Dataset entries
•••

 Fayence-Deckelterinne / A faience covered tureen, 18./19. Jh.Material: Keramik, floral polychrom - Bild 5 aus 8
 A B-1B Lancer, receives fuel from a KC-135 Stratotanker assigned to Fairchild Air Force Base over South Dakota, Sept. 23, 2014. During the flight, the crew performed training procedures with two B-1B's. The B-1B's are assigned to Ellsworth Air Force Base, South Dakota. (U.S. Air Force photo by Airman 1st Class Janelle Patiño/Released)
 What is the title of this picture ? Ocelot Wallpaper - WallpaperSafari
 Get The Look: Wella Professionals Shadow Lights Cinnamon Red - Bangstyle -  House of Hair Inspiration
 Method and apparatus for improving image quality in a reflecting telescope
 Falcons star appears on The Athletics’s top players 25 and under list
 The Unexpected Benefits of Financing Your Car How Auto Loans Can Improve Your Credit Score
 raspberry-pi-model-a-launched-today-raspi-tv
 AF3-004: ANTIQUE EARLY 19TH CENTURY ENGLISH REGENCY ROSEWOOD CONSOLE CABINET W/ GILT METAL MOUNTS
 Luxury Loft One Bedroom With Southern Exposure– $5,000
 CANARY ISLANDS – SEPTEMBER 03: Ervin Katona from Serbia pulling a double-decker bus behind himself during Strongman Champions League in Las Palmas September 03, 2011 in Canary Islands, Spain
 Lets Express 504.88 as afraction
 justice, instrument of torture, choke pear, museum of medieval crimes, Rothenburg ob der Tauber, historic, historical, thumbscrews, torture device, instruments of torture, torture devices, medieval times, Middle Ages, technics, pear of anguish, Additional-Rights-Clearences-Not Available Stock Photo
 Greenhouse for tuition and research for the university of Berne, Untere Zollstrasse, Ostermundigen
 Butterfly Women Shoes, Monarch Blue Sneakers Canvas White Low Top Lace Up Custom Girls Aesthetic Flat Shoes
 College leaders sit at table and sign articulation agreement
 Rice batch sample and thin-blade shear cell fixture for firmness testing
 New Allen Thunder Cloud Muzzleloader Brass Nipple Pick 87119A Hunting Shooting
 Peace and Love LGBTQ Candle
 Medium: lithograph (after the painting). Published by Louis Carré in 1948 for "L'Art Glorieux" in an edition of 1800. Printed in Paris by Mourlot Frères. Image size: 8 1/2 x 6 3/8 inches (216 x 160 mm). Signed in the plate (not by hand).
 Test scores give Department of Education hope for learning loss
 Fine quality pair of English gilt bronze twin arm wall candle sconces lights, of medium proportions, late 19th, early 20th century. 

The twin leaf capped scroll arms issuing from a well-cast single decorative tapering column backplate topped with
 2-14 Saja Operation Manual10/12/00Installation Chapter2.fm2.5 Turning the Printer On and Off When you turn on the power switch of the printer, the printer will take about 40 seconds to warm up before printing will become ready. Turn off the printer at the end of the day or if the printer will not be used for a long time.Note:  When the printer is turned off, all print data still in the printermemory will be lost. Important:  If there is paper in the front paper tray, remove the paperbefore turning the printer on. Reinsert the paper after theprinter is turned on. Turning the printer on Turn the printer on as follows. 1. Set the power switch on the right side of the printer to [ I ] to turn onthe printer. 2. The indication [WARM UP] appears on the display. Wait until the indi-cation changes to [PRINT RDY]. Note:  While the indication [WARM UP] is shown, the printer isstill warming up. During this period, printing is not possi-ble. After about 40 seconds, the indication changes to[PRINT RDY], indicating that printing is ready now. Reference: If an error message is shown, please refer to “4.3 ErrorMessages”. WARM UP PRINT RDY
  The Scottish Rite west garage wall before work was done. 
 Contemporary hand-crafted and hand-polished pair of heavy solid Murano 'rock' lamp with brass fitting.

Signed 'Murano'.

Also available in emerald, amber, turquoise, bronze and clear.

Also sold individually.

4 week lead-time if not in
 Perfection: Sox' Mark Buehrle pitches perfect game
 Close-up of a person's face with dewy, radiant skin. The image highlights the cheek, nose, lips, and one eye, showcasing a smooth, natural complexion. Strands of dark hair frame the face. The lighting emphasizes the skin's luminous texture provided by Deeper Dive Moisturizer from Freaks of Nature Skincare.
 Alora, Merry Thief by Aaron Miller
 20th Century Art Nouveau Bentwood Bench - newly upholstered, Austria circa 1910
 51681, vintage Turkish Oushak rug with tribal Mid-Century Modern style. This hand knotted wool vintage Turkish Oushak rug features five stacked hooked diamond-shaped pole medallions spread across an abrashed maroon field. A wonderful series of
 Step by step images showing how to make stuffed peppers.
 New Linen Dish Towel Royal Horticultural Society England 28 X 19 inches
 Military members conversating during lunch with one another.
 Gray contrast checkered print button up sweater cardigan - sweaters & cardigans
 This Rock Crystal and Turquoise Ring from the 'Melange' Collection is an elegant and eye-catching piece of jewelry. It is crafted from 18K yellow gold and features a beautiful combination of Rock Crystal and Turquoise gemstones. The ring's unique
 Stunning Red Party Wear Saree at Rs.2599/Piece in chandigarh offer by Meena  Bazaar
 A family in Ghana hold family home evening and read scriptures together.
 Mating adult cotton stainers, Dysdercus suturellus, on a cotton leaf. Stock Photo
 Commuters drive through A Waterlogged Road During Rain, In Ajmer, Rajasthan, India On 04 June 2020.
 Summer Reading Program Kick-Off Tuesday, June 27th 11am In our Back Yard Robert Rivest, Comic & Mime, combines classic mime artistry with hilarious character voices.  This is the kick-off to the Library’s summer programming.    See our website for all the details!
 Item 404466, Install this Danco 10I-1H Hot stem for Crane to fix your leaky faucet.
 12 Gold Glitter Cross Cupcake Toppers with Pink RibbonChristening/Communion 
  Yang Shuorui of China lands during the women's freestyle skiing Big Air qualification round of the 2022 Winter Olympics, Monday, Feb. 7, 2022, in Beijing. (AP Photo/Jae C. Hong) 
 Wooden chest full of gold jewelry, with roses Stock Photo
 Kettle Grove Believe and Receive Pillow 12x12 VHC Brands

•••

== Assigned task ==
Once you have read the data, copy all of it out exactly.

== Exercise solution ==
 Fayence-Deckelterinne / A faience covered tureen, 18./19. Jh.Material: Keramik, floral polychrom - Bild 5 aus 8
 A B-1B Lancer, receives fuel from a KC-135 Stratotanker assigned to Fairchild Air Force Base over South Dakota, Sept. 23, 2014. During the flight, the crew performed training procedures with two B-1B's. The B-1B's are assigned to Ellsworth Air Force Base, South Dakota. (U.S. Air Force photo by Airman 1st Class Janelle Patiño/Released)
 What is the title of this picture ? Ocelot Wallpaper - WallpaperSafari
 Get The Look: Wella Professionals Shadow Lights Cinnamon Red - Bangstyle -  House of Hair Inspiration
 Method and apparatus for improving image quality in a reflecting telescope
 Falcons star appears on The Athletics’s top players 25 and under list
 The Unexpected Benefits of Financing Your Car How Auto Loans Can Improve Your Credit Score
 raspberry-pi-model-a-launched-today-raspi-tv
 AF3-004: ANTIQUE EARLY 19TH CENTURY ENGLISH REGENCY ROSEWOOD CONSOLE CABINET W/ GILT METAL MOUNTS
 Luxury Loft One Bedroom With Southern Exposure– $5,000
 CANARY ISLANDS – SEPTEMBER 03: Ervin Katona from Serbia pulling a double-decker bus behind himself during Strongman Champions League in Las Palmas September 03, 2011 in Canary Islands, Spain
 Lets Express 504.88 as afraction
 justice, instrument of torture, choke pear, museum of medieval crimes, Rothenburg ob der Tauber, historic, historical, thumbscrews, torture device, instruments of torture, torture devices, medieval times, Middle Ages, technics, pear of anguish, Additional-Rights-Clearences-Not Available Stock Photo
 Greenhouse for tuition and research for the university of Berne, Untere Zollstrasse, Ostermundigen
 Butterfly Women Shoes, Monarch Blue Sneakers Canvas White Low Top Lace Up Custom Girls Aesthetic Flat Shoes
 College leaders sit at table and sign articulation agreement
 Rice batch sample and thin-blade shear cell fixture for firmness testing
 New Allen Thunder Cloud Muzzleloader Brass Nipple Pick 87119A Hunting Shooting
 Peace and Love LGBTQ Candle
 Medium: lithograph (after the painting). Published by Louis Carré in 1948 for "L'Art Glorieux" in an edition of 1800. Printed in Paris by Mourlot Frères. Image size: 8 1/2 x 6 3/8 inches (216 x 160 mm). Signed in the plate (not by hand).
 Test scores give Department of Education hope for learning loss
 Fine quality pair of English gilt bronze twin arm wall candle sconces lights, of medium proportions, late 19th, early 20th century. 

The twin leaf capped scroll arms issuing from a well-cast single decorative tapering column backplate topped with
 2-14 Saja Operation Manual10/12/00Installation Chapter2.fm2.5 Turning the Printer On and Off When you turn on the power switch of the printer, the printer will take about 40 seconds to warm up before printing will become ready. Turn off the printer at the end of the day or if the printer will not be used for a long time.Note:  When the printer is turned off, all print data still in the printermemory will be lost. Important:  If there is paper in the front paper tray, remove the paperbefore turning the printer on. Reinsert the paper after theprinter is turned on. Turning the printer on Turn the printer on as follows. 1. Set the power switch on the right side of the printer to [ I ] to turn onthe printer. 2. The indication [WARM UP] appears on the display. Wait until the indi-cation changes to [PRINT RDY]. Note:  While the indication [WARM UP] is shown, the printer isstill warming up. During this period, printing is not possi-ble. After about 40 seconds, the indication changes to[PRINT RDY], indicating that printing is ready now. Reference: If an error message is shown, please refer to “4.3 ErrorMessages”. WARM UP PRINT RDY
  The Scottish Rite west garage wall before work was done. 
 Contemporary hand-crafted and hand-polished pair of heavy solid Murano 'rock' lamp with brass fitting.

Signed 'Murano'.

Also available in emerald, amber, turquoise, bronze and clear.

Also sold individually.

4 week lead-time if not in
 Perfection: Sox' Mark Buehrle pitches perfect game
 Close-up of a person's face with dewy, radiant skin. The image highlights the cheek, nose, lips, and one eye, showcasing a smooth, natural complexion. Strands of dark hair frame the face. The lighting emphasizes the skin's luminous texture provided by Deeper Dive Moisturizer from Freaks of Nature Skincare.
 Alora, Merry Thief by Aaron Miller
 20th Century Art Nouveau Bentwood Bench - newly upholstered, Austria circa 1910
 51681, vintage Turkish Oushak rug with tribal Mid-Century Modern style. This hand knotted wool vintage Turkish Oushak rug features five stacked hooked diamond-shaped pole medallions spread across an abrashed maroon field. A wonderful series of
 Step by step images showing how to make stuffed peppers.
 New Linen Dish Towel Royal Horticultural Society England 28 X 19 inches
 Military members conversating during lunch with one another.
 Gray contrast checkered print button up sweater cardigan - sweaters & cardigans
 This Rock Crystal and Turquoise Ring from the 'Melange' Collection is an elegant and eye-catching piece of jewelry. It is crafted from 18K yellow gold and features a beautiful combination of Rock Crystal and Turquoise gemstones. The ring's unique
 Stunning Red Party Wear Saree at Rs.2599/Piece in chandigarh offer by Meena  Bazaar
 A family in Ghana hold family home evening and read scriptures together.
 Mating adult cotton stainers, Dysdercus suturellus, on a cotton leaf. Stock Photo
 Commuters drive through A Waterlogged Road During Rain, In Ajmer, Rajasthan, India On 04 June 2020.
 Summer Reading Program Kick-Off Tuesday, June 27th 11am In our Back Yard Robert Rivest, Comic & Mime, combines classic mime artistry with hilarious character voices.  This is the kick-off to the Library’s summer programming.    See our website for all the details!
 Item 404466, Install this Danco 10I-1H Hot stem for Crane to fix your leaky faucet.
 12 Gold Glitter Cross Cupcake Toppers with Pink RibbonChristening/Communion 
  Yang Shuorui of China lands during the women's freestyle skiing Big Air qualification round of the 2022 Winter Olympics, Monday, Feb. 7, 2022, in Beijing. (AP Photo/Jae C. Hong) 
 Wooden chest full of gold jewelry, with roses Stock Photo
 Kettle Grove Believe and Receive Pillow 12x12 VHC Brands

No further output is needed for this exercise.